Exporting the American Renaissance
Global impacts of LNG exports from the United States
In a startling about-face, natural gas market forces reversed course over the past several years. Expectations that the U.S. would become a major importer of liquefied natural gas (LNG) have been replaced by the possibility of the U.S. becoming a major LNG exporter. As a result of a largely unforeseen surge in shale gas production, North American natural gas prices collapsed from over $10 per million British thermal units (MMBtu) in 2008, to under $3/MMBtu at various times during 2012. However, gas prices in Asia and Europe remain strong, creating huge spreads above U.S. prices.
Large price spreads between the U.S. and other regions have enticed foreign buyers seeking lower cost gas to consider U.S. supplies, while U.S. producers yearn for higher prices seen in foreign markets. As a result, U.S. LNG project developers seeking to arbitrage the large price spreads have submitted about 20 LNG export projects to the U.S. Department of Energy for approval. The proposed projects represent approximately 27 billion cubic feet per day of LNG export capacity.

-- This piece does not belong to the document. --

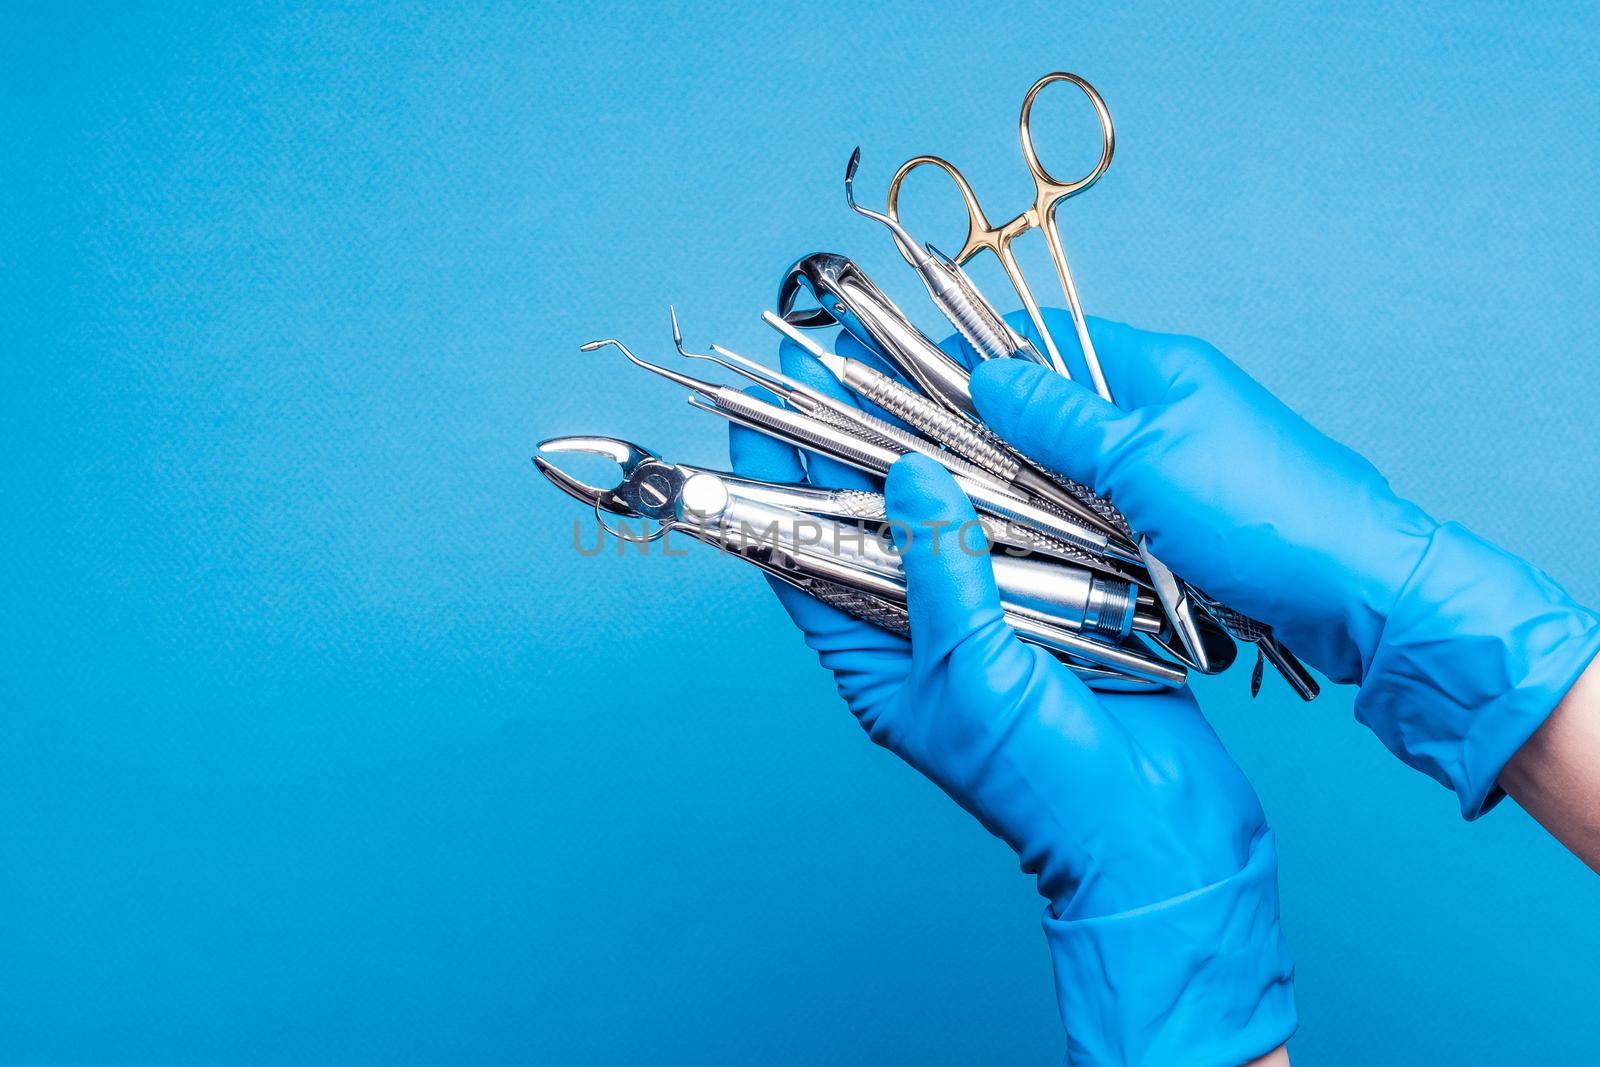 Hands in blue gloves holding dental equipment and metal instruments by GekaSkr

Each world-scale LNG plant requires a multi-billion dollar investment to build, and given the enormity of the capital needed for development of U.S. LNG export facilities, project developers, regulators, and natural gas producers are keenly interested in understanding the potential impact of LNG exports on U.S. and worldwide natural gas markets. Clearly, not all or perhaps even a majority of the proposed projects are likely to come to fruition. But what would the impact be if the U.S. exported a significant volume of LNG?
While much attention has focused on the impact of U.S. LNG exports on the U.S. market, this study also specifically analyses the potential economic consequences of those exports on global markets. It attempts to estimate the potential price impacts, gas supply changes, and flow displacements if the U.S. exported a given volume of LNG to either Asia or Europe.